* [Given data]

■ ■ ■ ■ ■ ■ ■

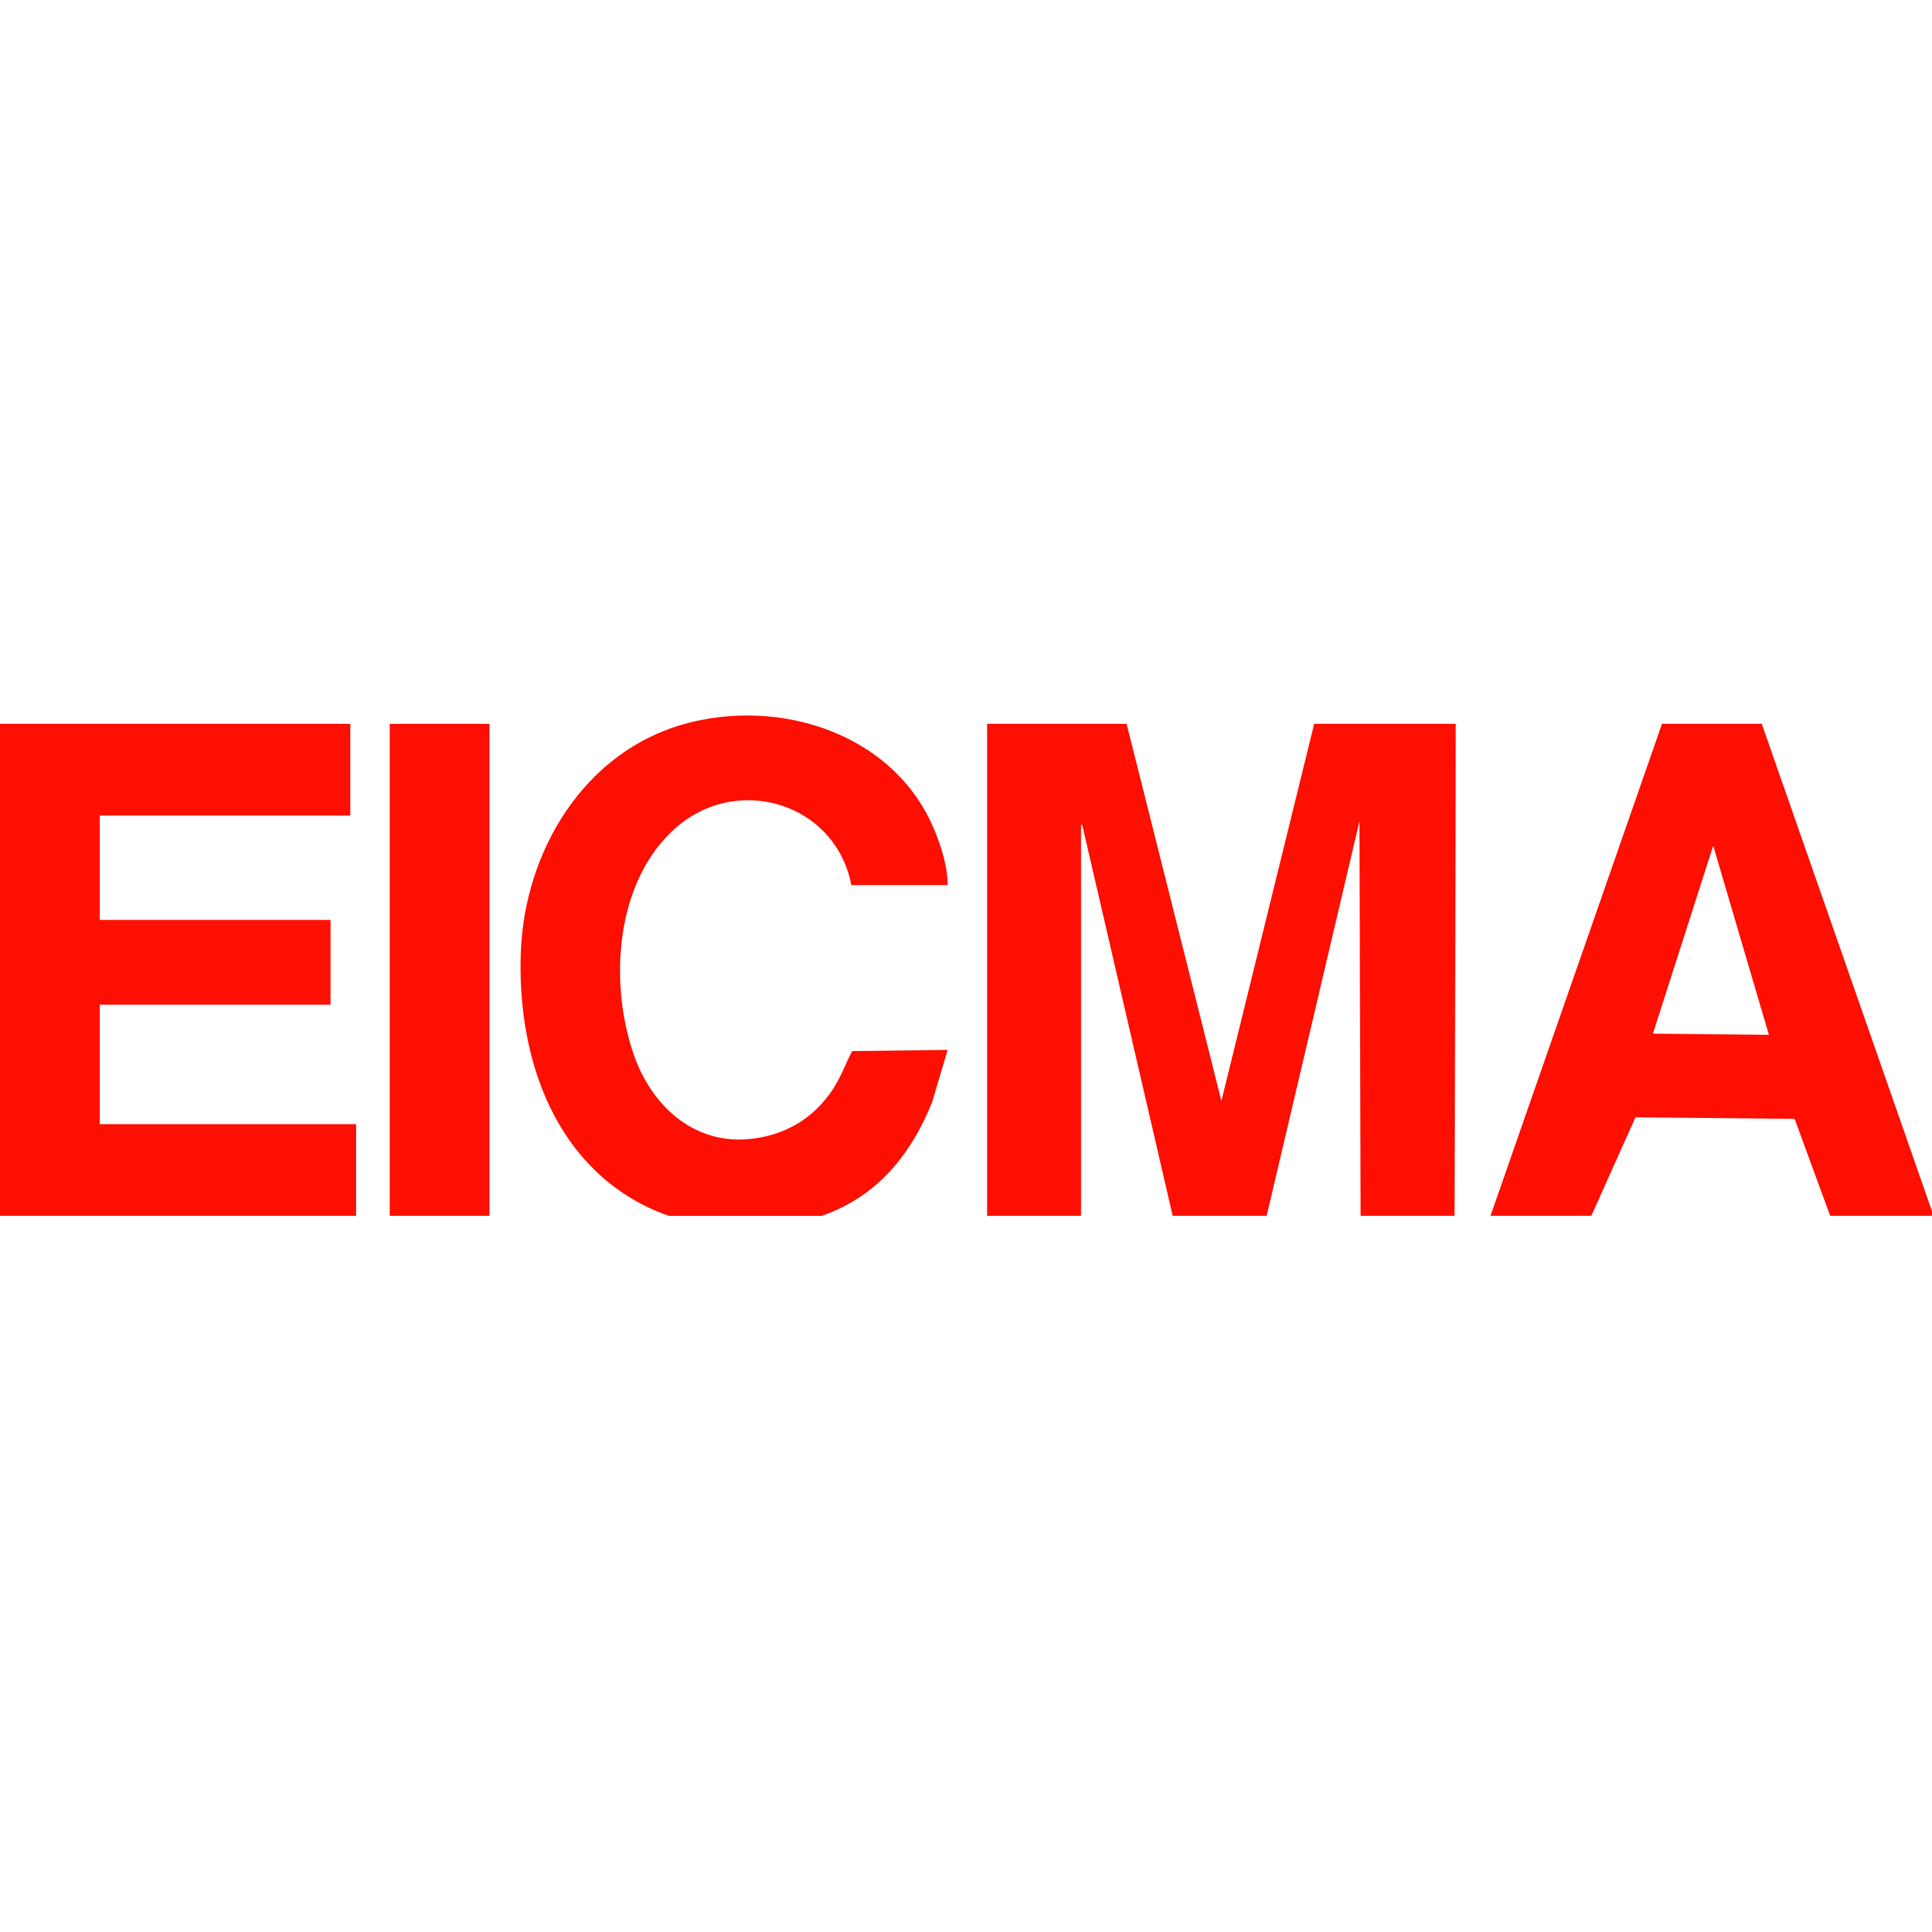 EICMA Logo  Transparent Image
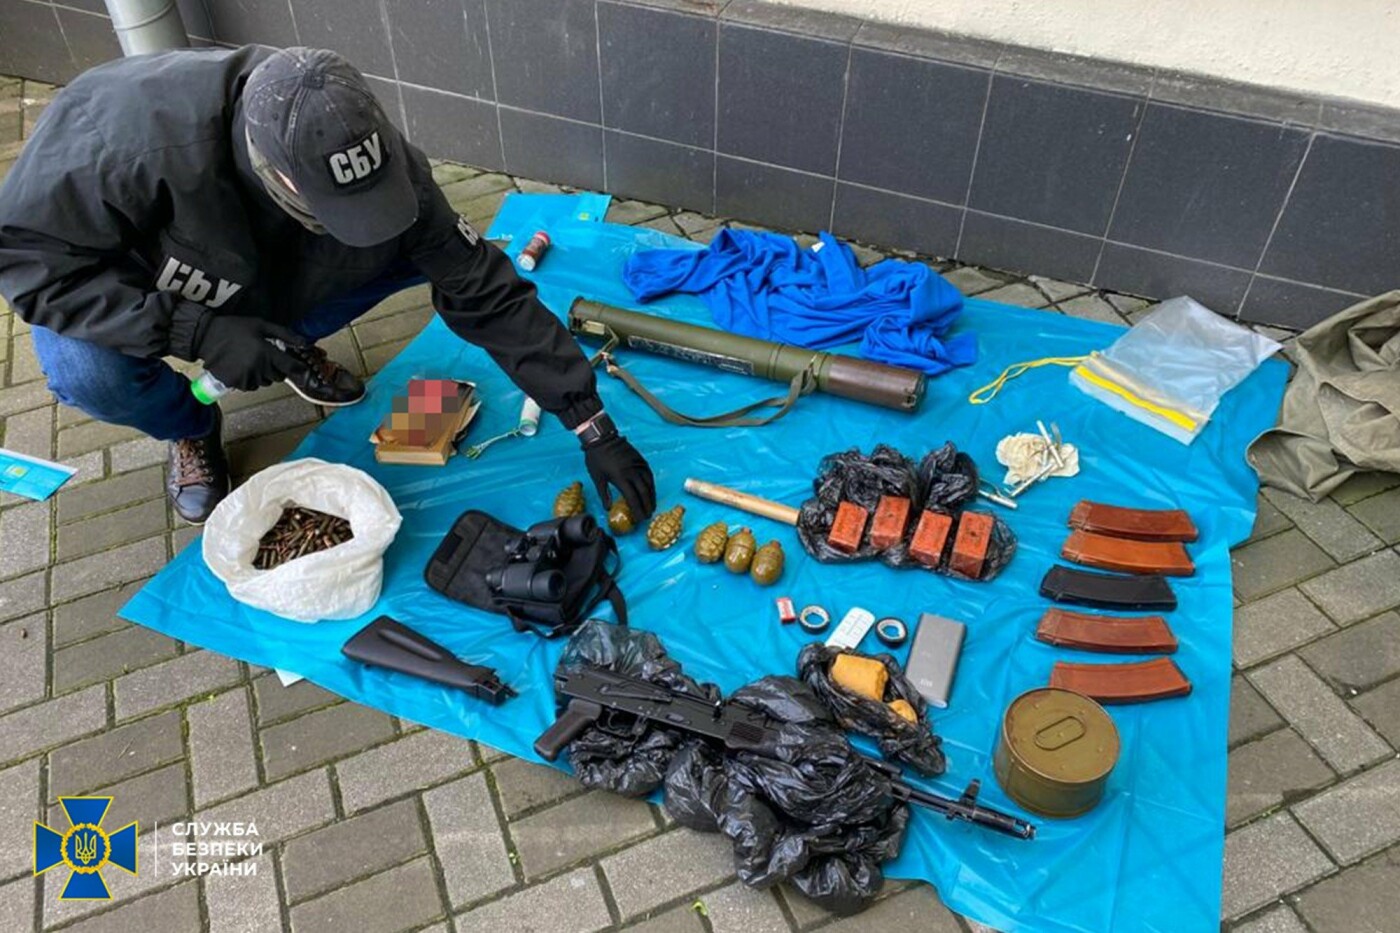 Тротиловые шашки, гранаты и патроны: в центре Киева нашли склад с боеприпасами.
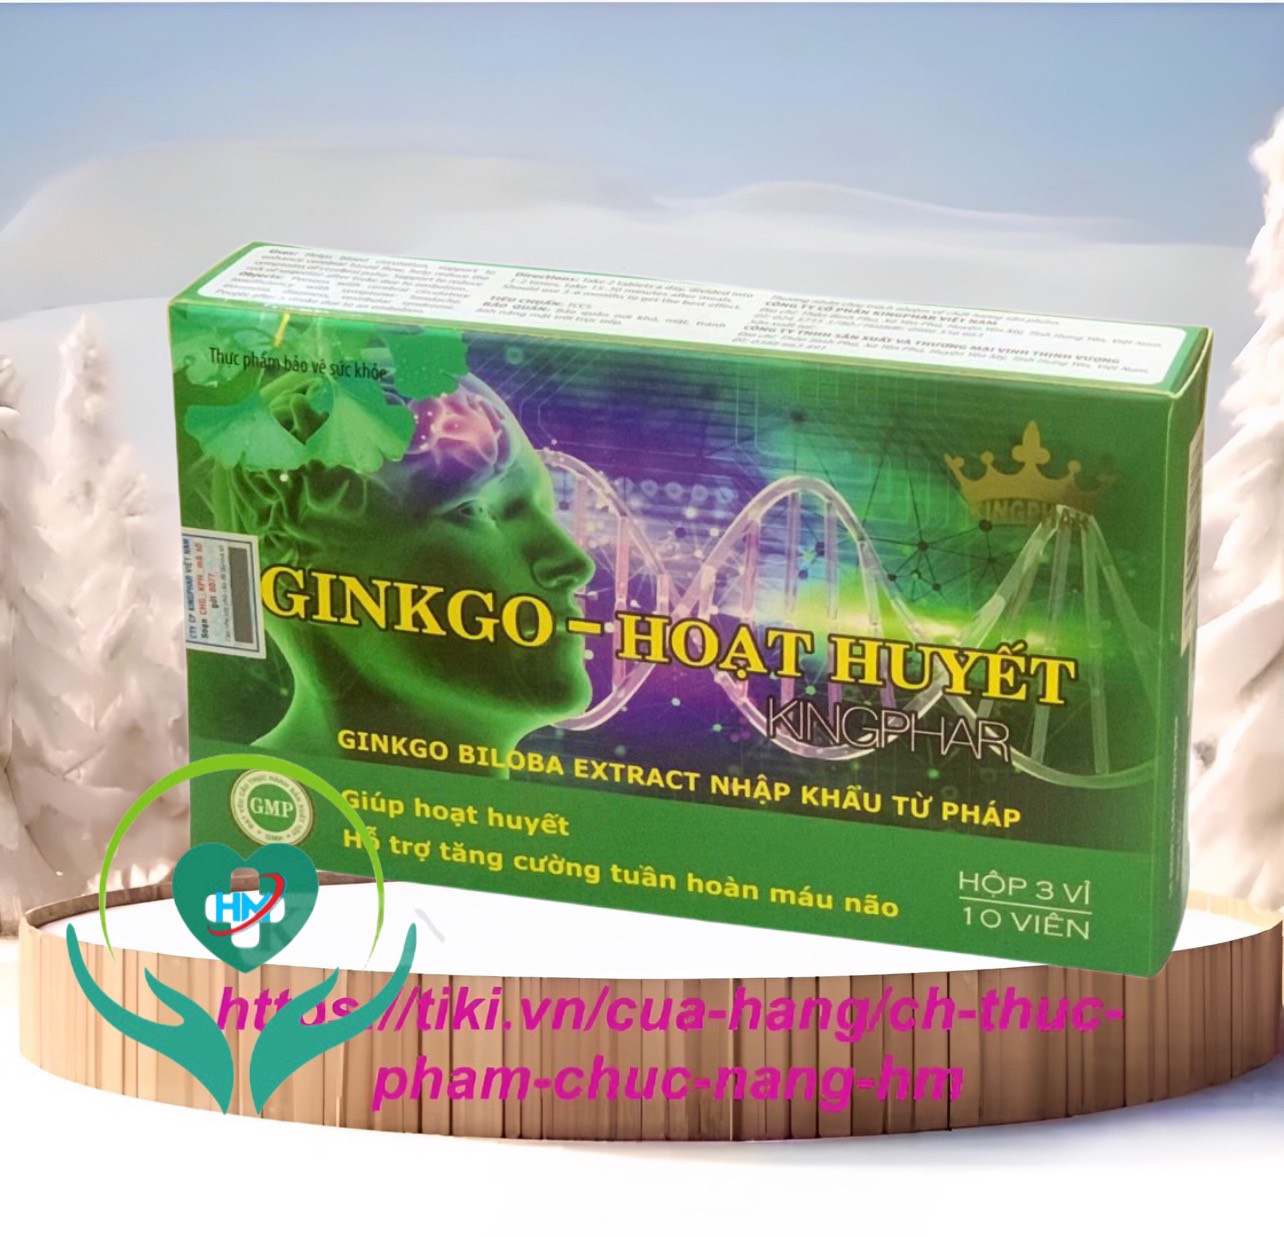 Viên uống tăng cường tuần hoàn não Ginkgo - Hoạt huyết Kingphar, hộp 30v

■ ■ ■ ■ ■ ■ ■

* [Problem statement] Would you output the full listing exactly as it stands, minus the images?

* [Output]
 EICMA Logo  Transparent Image
 Тротиловые шашки, гранаты и патроны: в центре Киева нашли склад с боеприпасами.
 Viên uống tăng cường tuần hoàn não Ginkgo - Hoạt huyết Kingphar, hộp 30v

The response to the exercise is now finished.